Tottenham’s appointment of French coach Jacques Santini after Euro 2004 could not have been any more disastrous. Resigning after 13 games in charge and with a win percentage of 38 percent, the then 52-year-old left a club, who had put so much effort into getting their man, reeling in anger.
Spurs chairman Daniel Levy must have promised never to appoint a manager off of the back of a major tournament again - let alone a Frenchman.
But eight years on and with expectations at their highest, Levy will have to renege on that promise.
Currently guiding France through Euro 2012, Laurent Blanc is tailor-made for Tottenham. A coach who prides himself on attacking, fluid football and puts faith in flair players, the legacy of the so-called “Spurs way” can be continued.
Business-wise, it makes complete sense, too.

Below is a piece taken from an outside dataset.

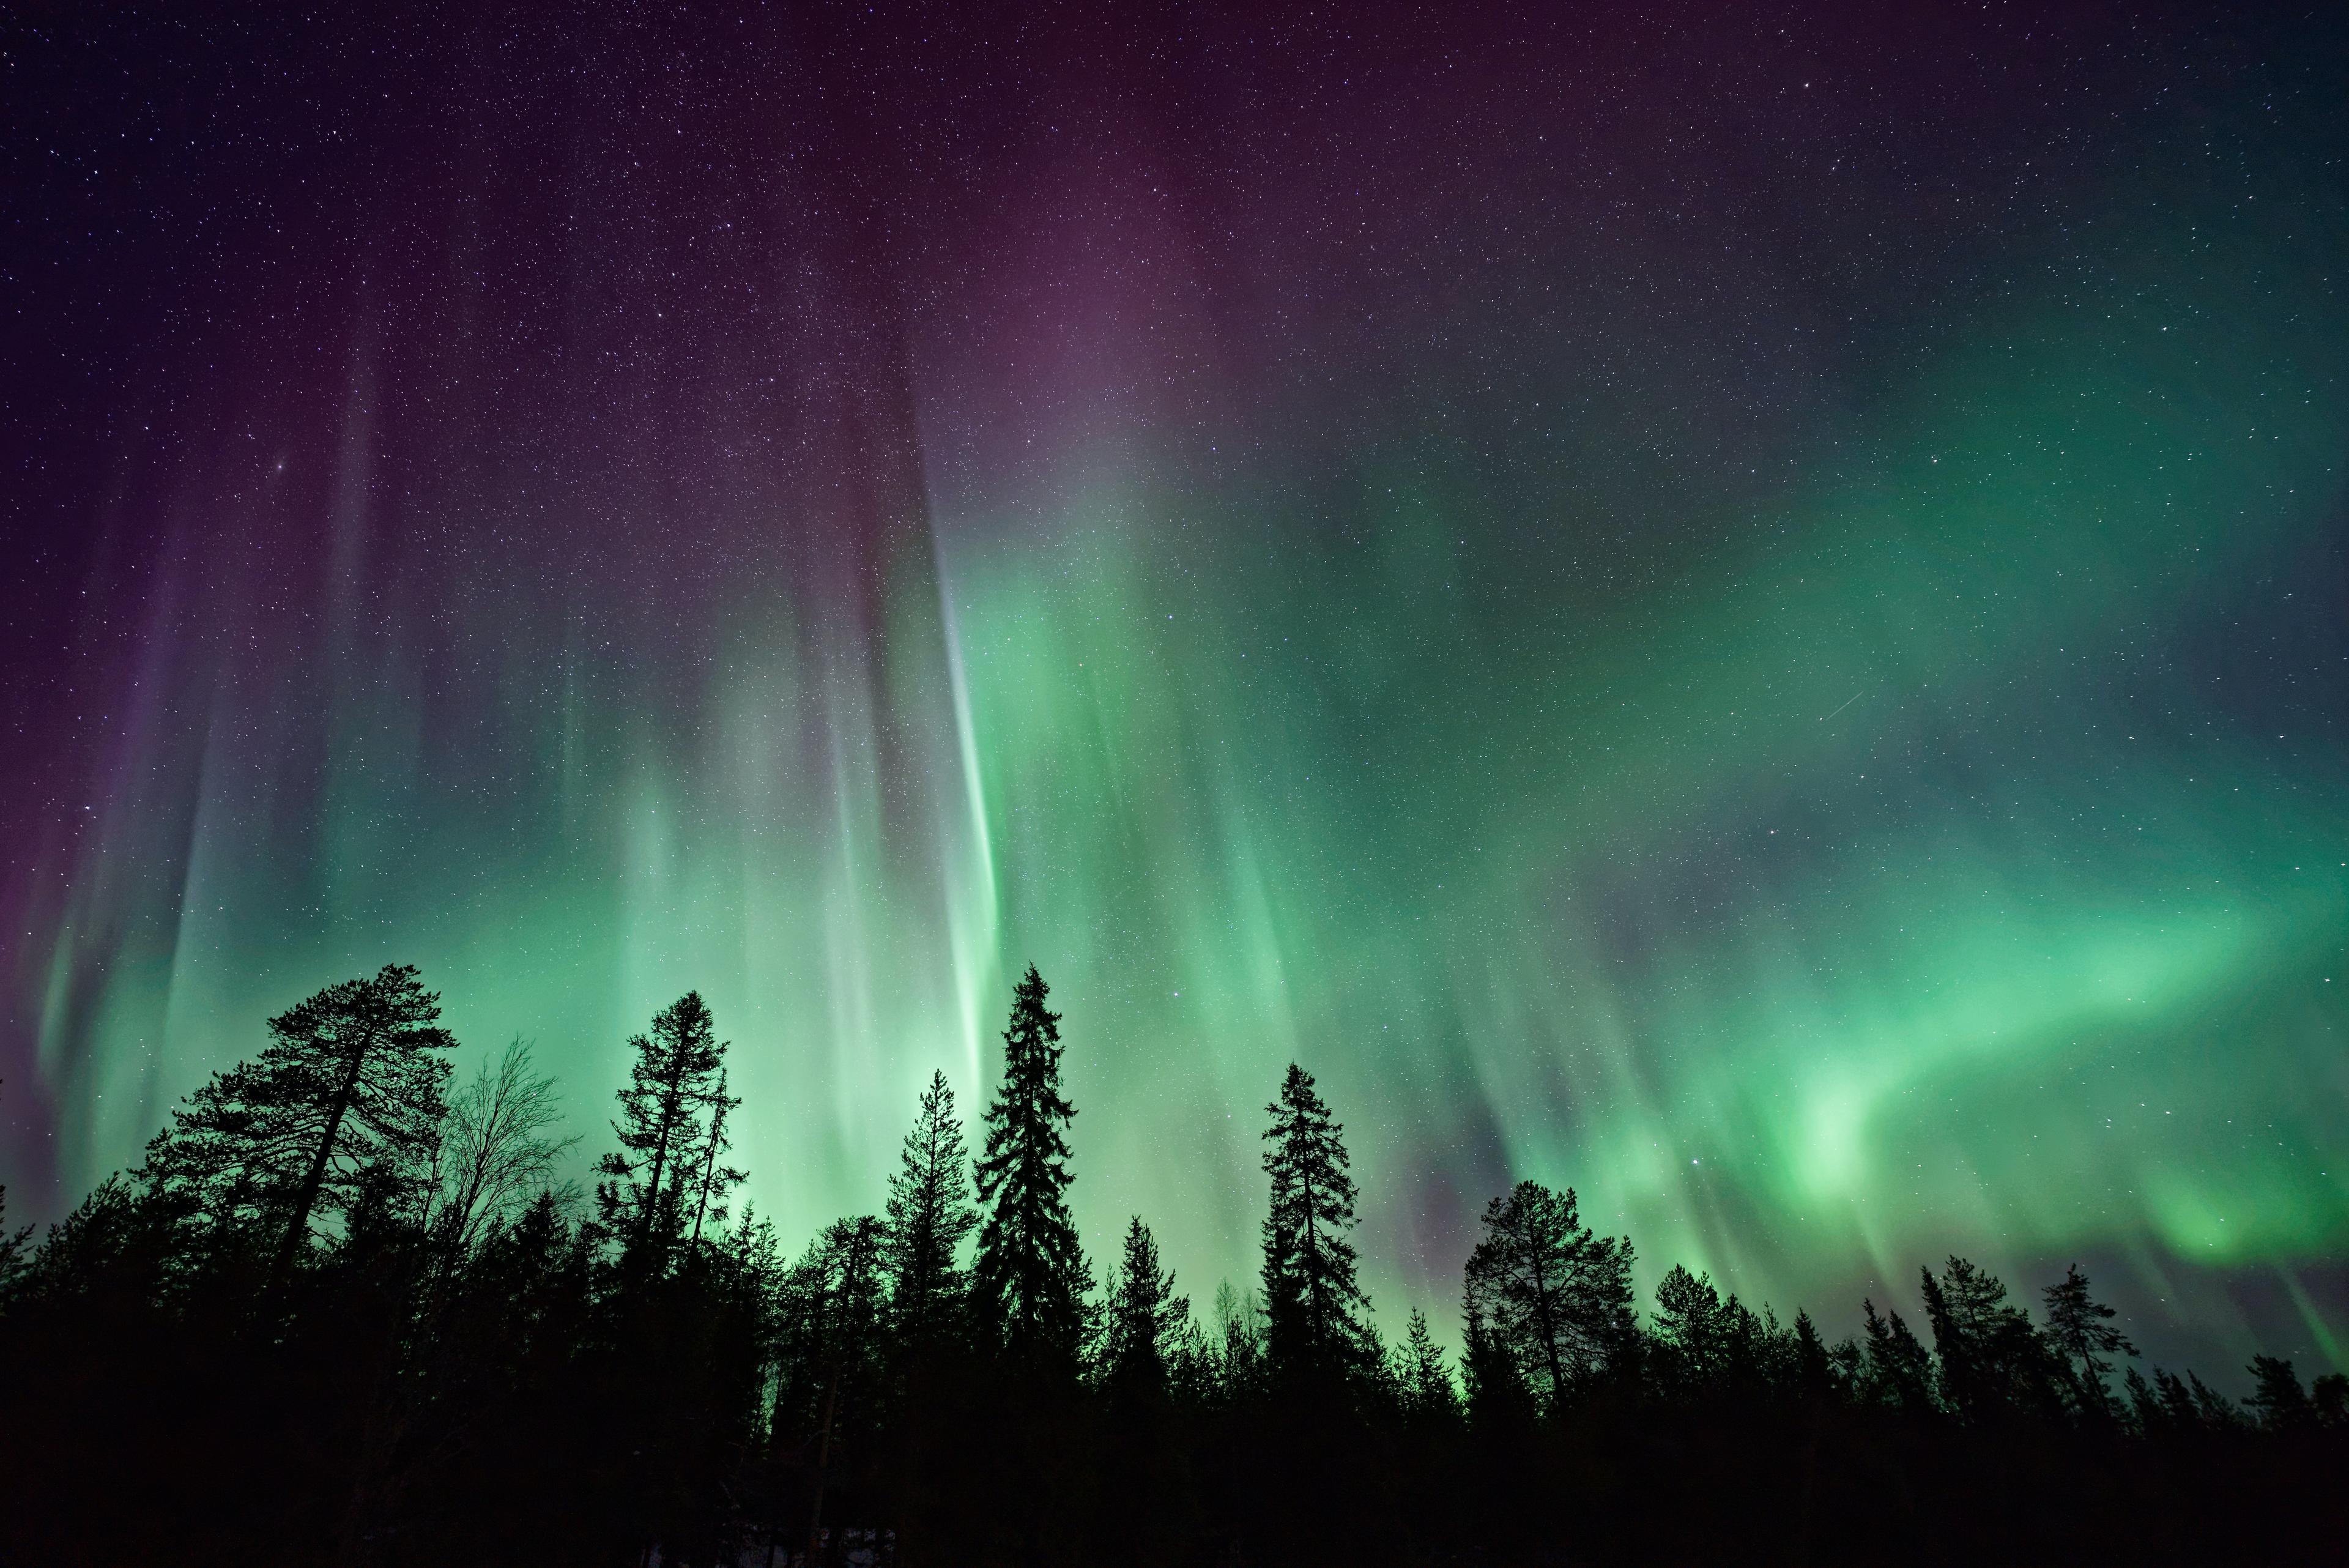 Vibrant Northern Lights (Aurora Borealis) streaming over a forested landscape at night.

Blanc’s contract with France expires at the end of Euro 2012 and the odds that he will earn an extension are slim - not because of his performance, but because of his fraught relationship with Noel Le Graet, chairman of the French Football Federation (FFF).

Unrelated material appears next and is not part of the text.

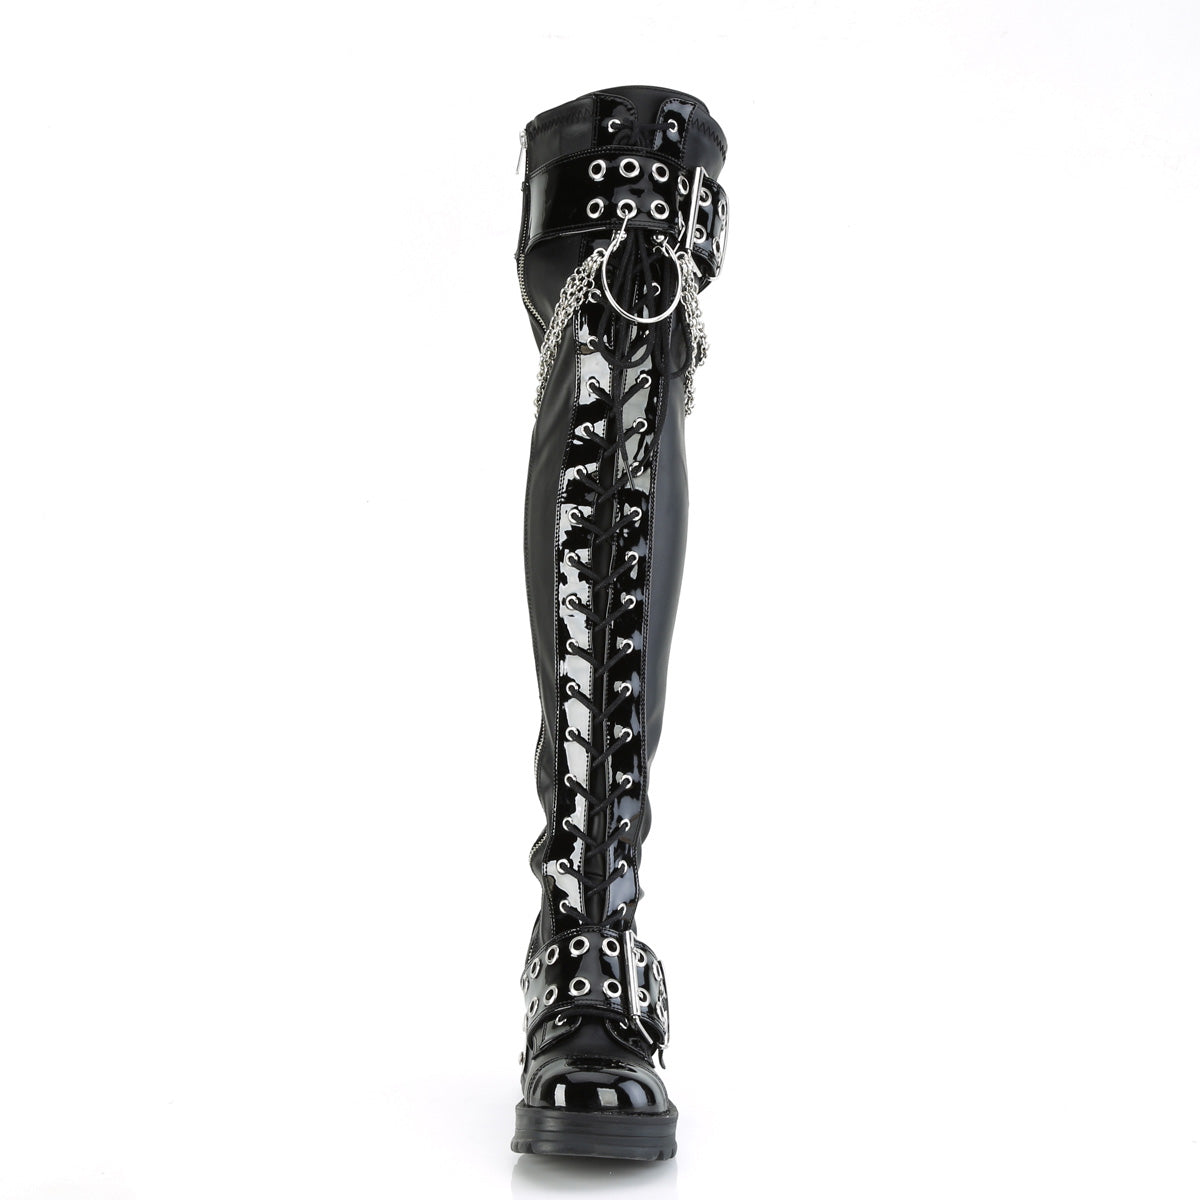 BRATTY-304 Demoniacult Alternative Footwear Lace Up Over-the-Knee Boots

Even if France win Euro 2012, it is not guaranteed that the Frenchman will stay, and if a deal cannot be agreed, then Blanc is free to sign with another team, eliminating the risk of costly compensation fees.
It would represent a significant change in direction for Spurs from the 65-year-old Harry Redknapp to the 46-year-old Blanc.
The now-departed Redknapp was criticised for his archaic management, his limitations in the transfer market and his lack of tactical nous.
Blanc brings a modern philosophy into a game that is in rapid revolution. His ideology is born from the Pep Guardiola school of thinking: ball retention, quick pressing and playing out from the back.
Talking in 2010 after being handed the France job, Blanc said: “I want to build a team that can control matches as much as possible and that will impose its own style, a team game focused on attacking play, on its opponents.”
The mindset is right for a Tottenham team that has such attacking talents like Luka Modric, Rafael Van der Vaart and Gareth Bale. And as for Kyle Walker and Benoit Assou-Ekotto, their marauding runs will be encouraged under Blanc.
During his time at Bordeaux, Marseille coach Didier Deschaumps said of Blanc’s use of full-backs: “The really big difference is that their full-backs are really involved in their attacks. [Mathieu] Chalmé and [Benoît] Trémoulinas play really high up the pitch. Bordeaux, even putting to one side their set-piece ability, score 50 percent of their goals from crosses from their full-backs.”
And his approach proved fruitful at Bordeaux, completing a league and cup double in 2009 whilst setting a new French record along the way for consecutive league wins.
It could have been a second Ligue 1 title in 2010 if the south-west side had not been distracted by speculation surrounding Blanc’s departure to France, leading to an implosion that saw Bordeaux, top at Christmas, finish sixth - a situation now familiar to Spurs fans.
Since taking over the France job, however, Blanc has overseen a recovery far more successful than that of the French economy.
He has made a smooth move from the old guard, who failed so miserably in South Africa, to La Generation ’87, and has given the French national team an identity that has seen them, after recently defeating Ukraine 2-0 in Donetsk, secure a 23-game unbeaten run.
True, Blanc does have some wonderful talent at his disposal with the likes of Franck Ribery and Samir Nasri, but the World Cup winner is proving he can handle their egos and unite a team that has been so infamously divided.
Add this to his three years with Bordeaux and the time he spent in England with Manchester United, and you have a manager who is clearly capable of continuing and improving upon what Redknapp has left.
Certainly, Blanc is open to a move and one which pays better than his current salary of €1 million a year.
“My intention is to carry on with the France team, but the fact remains, I have not extended my contract. If I get an exceptional offer, I could very well decide to leave for that club,” he said in April.
Blanc is the right man for the job, but there will always be those haunting memories of a Frenchman, the European Championships and an expiring contract for Spurs.